A key assumption in this work is that one can measure gold standard outcomes and perform an unbiased evaluation of the underlying prediction model. One must verify these assumptions hold, at least approximately, before applying MarBLR and BLR. In our case study, we considered a risk prediction model for predicting COPD diagnosis. This model may influence clinical decision making and perturb the distribution of both the covariates and the outcome, thereby complicating model evaluation and updating. This issue called “performative prediction”³⁸ can be even more severe in high acuity settings where ML recommendations are designed to change clinical workflows. Nevertheless, one may be able to obtain more accurate patient outcomes by incorporating a lag time, during which missed diagnoses are corrected. Another option is to consider the counterfactual framework and define the true outcome as the outcome that would have been observed, had the ML prediction not been made available to the clinician. Two avenues for identifying this true outcome are to either randomize a subset of patients to receive no ML prediction or use a causal inference/missing data framework. Both options come with substantial challenges and require further research.³⁹

In this paper, we require the user to decide the class of logistic revisions upfront. That is, they must decide between online model recalibration versus revision; if they choose the latter, they must decide which variables to include and whether to incorporate a continually refitted model. Because future data distributions are unknown, it is difficult to anticipate which type of model revision will lead to best online performance. As seen in the COPD case study, the logistic model revisions with respect to the selected patient variables did not improve model discrimination but incorporating a continually refitted model did. Instead of requiring a model revision class to be selected upfront, future extensions of MarBLR/BLR may be able to incorporate model selection using a hierarchical modeling approach such as in McCormick et al.¹⁴ In addition, new biomarkers will be discovered as the biomedical field continues to advance. An important use case is to let the model developer add these newly discovered biomarkers to the online model revision procedure.

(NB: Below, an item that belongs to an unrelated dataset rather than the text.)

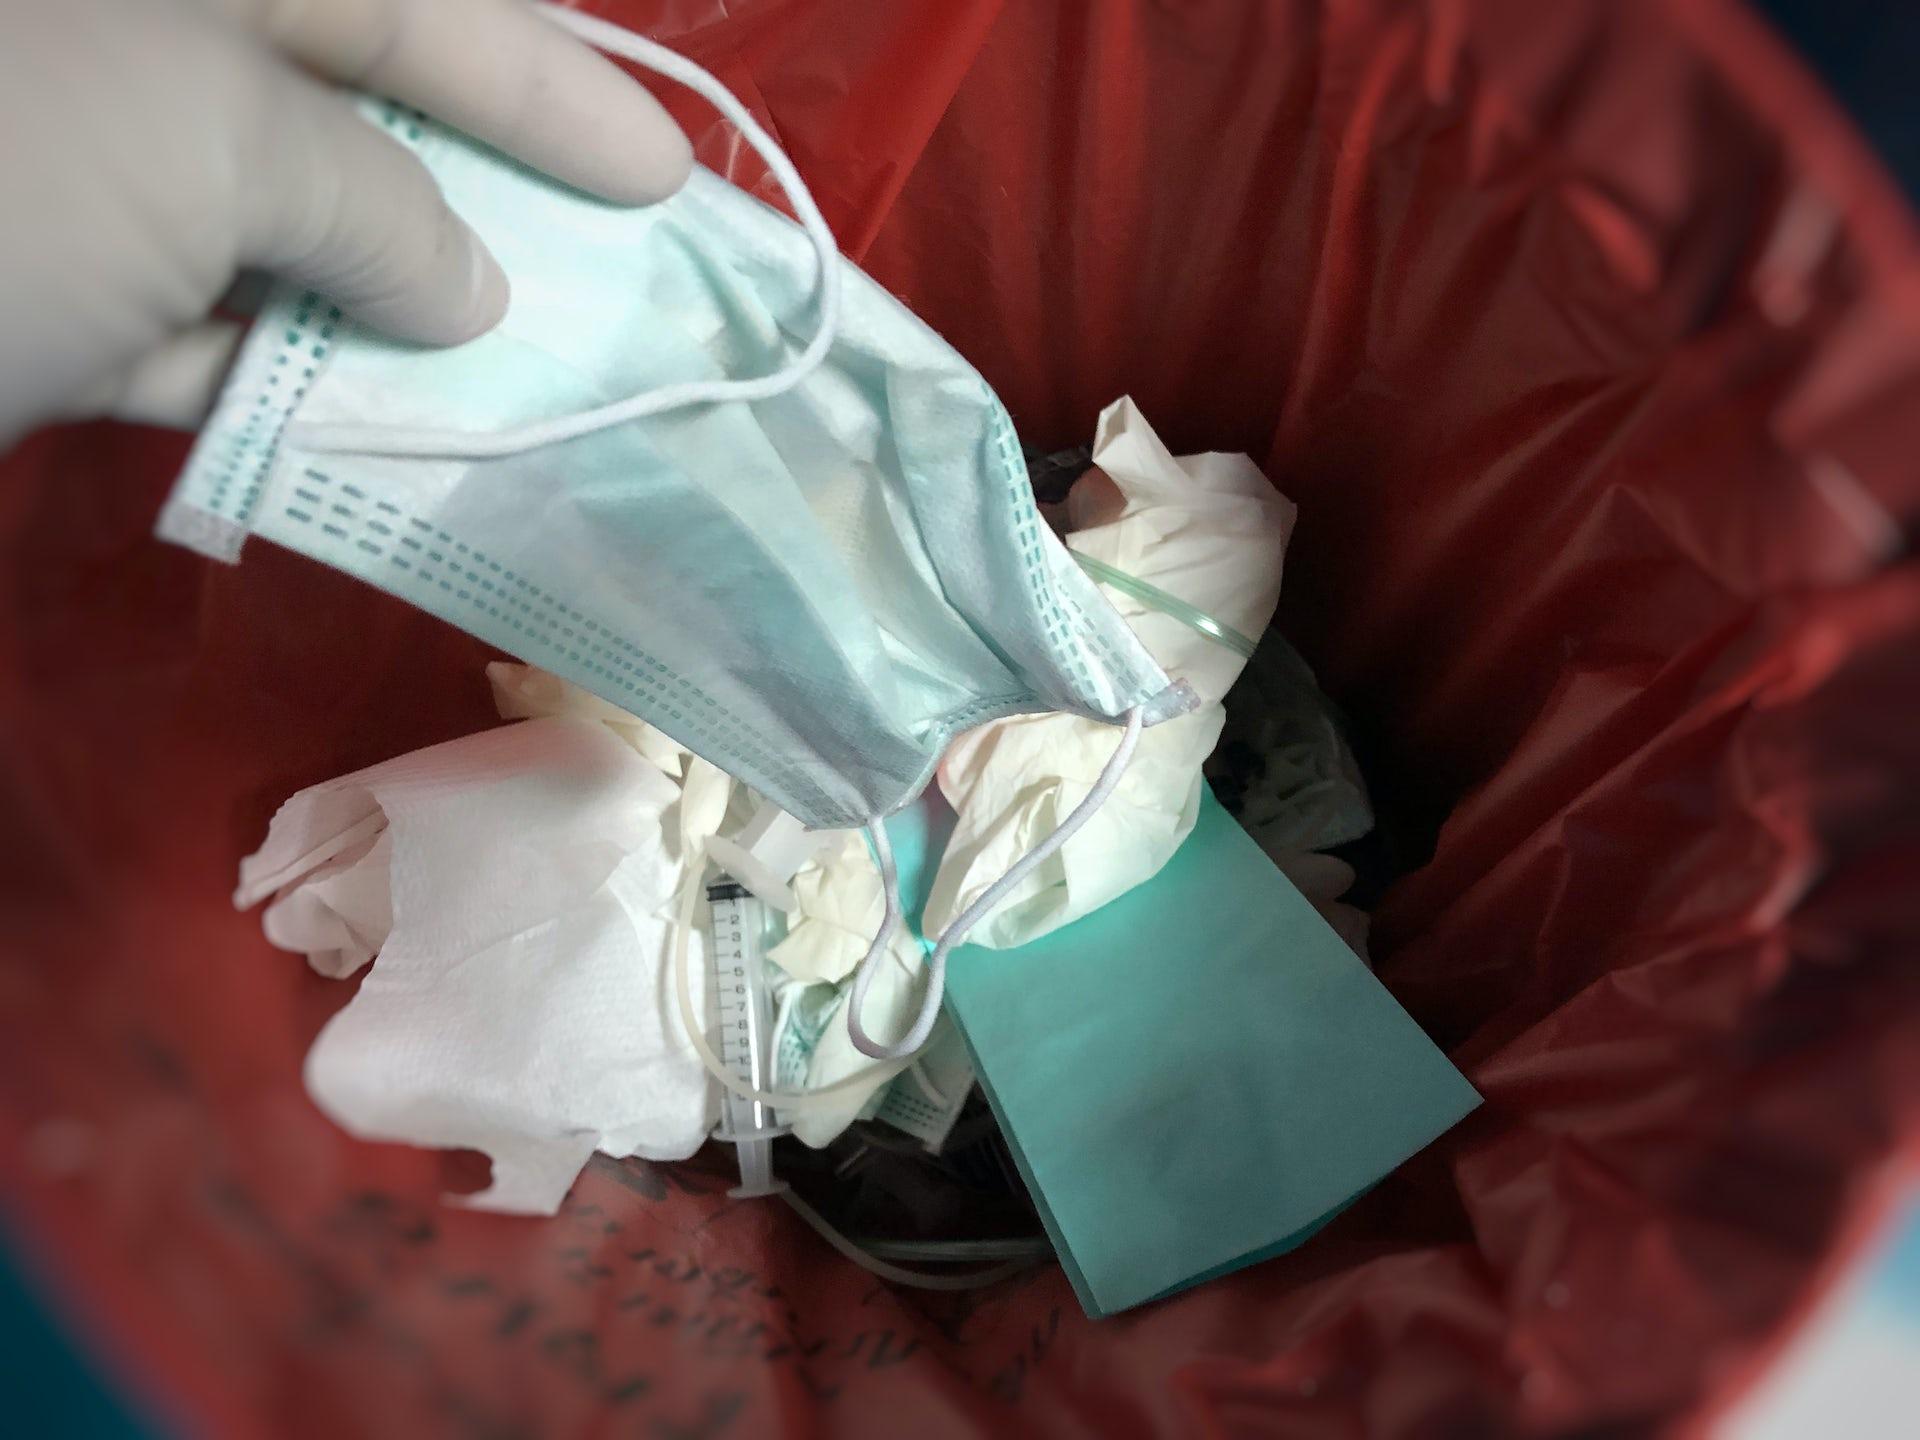 Five ways hospitals can reduce their environmental footprint
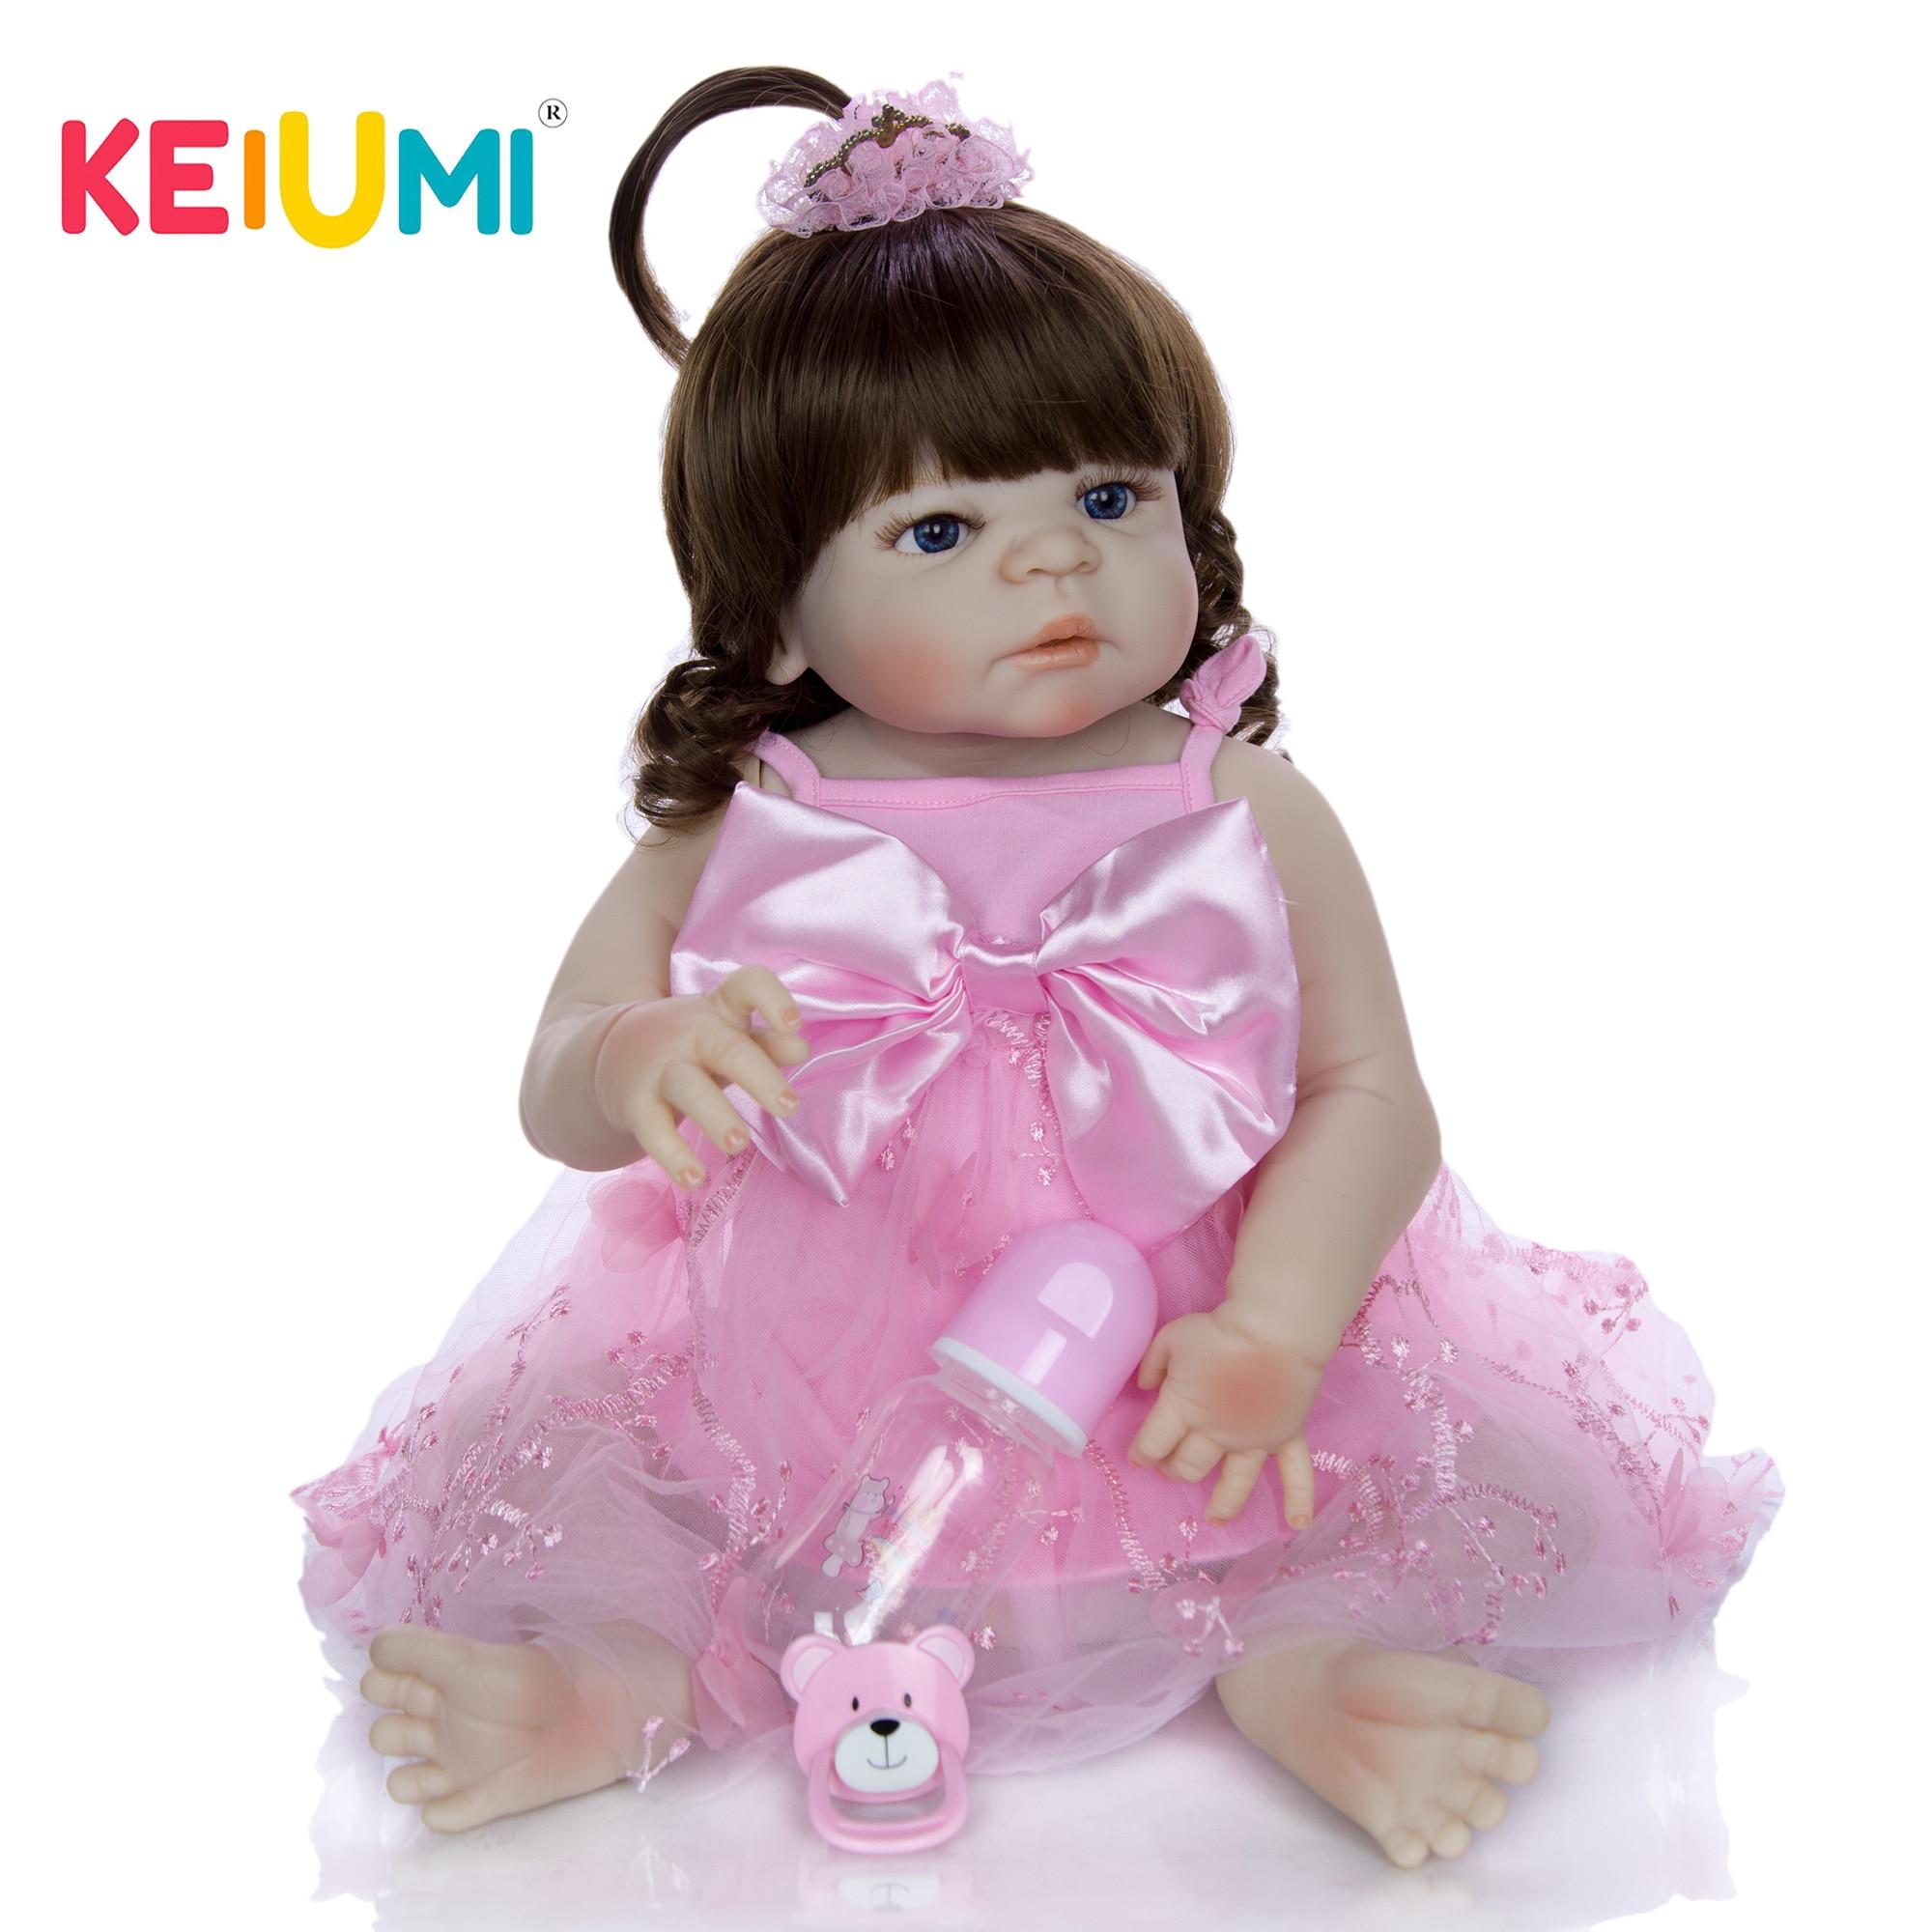 Lovely Reborn Bonecas Menina Toys 23 Full Silicone Vinyl Newborn Dolls Realistic Babies Reborn Dolls Lifelike

Finally, a limitation of the current work is that the derived regret bounds scale linearly with the number of variables used during online model revision. As such, MarBLR and BLR may not provide meaningful safety guarantees in high-dimensional settings. Because many modern ML algorithms analyze a large number of variables, future work should look to refine our regret bounds by characterizing, say, the L1-norm or sparsity of the oracle model revision.²⁰

CONCLUSION

Our theoretical and empirical results support the use of online model revision by BLR or MarBLR over other online methods for regular monitoring and updating of clinical prediction algorithms when performance drift is of concern.

FUNDING

This work was supported by the Food and Drug Administration (FDA) of the U.S. Department of Health and Human Services (HHS) as part of a financial assistance award Center of Excellence in Regulatory Science and Innovation grant to University of California, San Francisco (UCSF) and Stanford University, U01FD005978 totaling $79 250 with 100% funded by FDA/HHS. The contents are those of the author(s) and do not necessarily represent the official views of, nor an endorsement, by FDA/HHS, or the U.S. Government.

AUTHOR CONTRIBUTIONS

Conceptualization: JF, AG, BS, RP. Manuscript drafting and/or editing: JF, AG, BS, RP. Development and analysis of methodology: JF, AG. Empirical investigation and validation: JF, AG.

SUPPLEMENTARY MATERIAL

Supplementary material is available at Journal of the American Medical Informatics Association online.

Supplementary Material

ocab280_Supplementary_Data

Click here for additional data file.^{(701.8KB, pdf)}

ACKNOWLEDGMENTS

This work was greatly improved by helpful suggestions and feedback from Pang Wei Koh and Andrew Magee. We thank Ari Hoffman, Mark Pletcher, and Jennifer Creasman for sharing the COPD dataset.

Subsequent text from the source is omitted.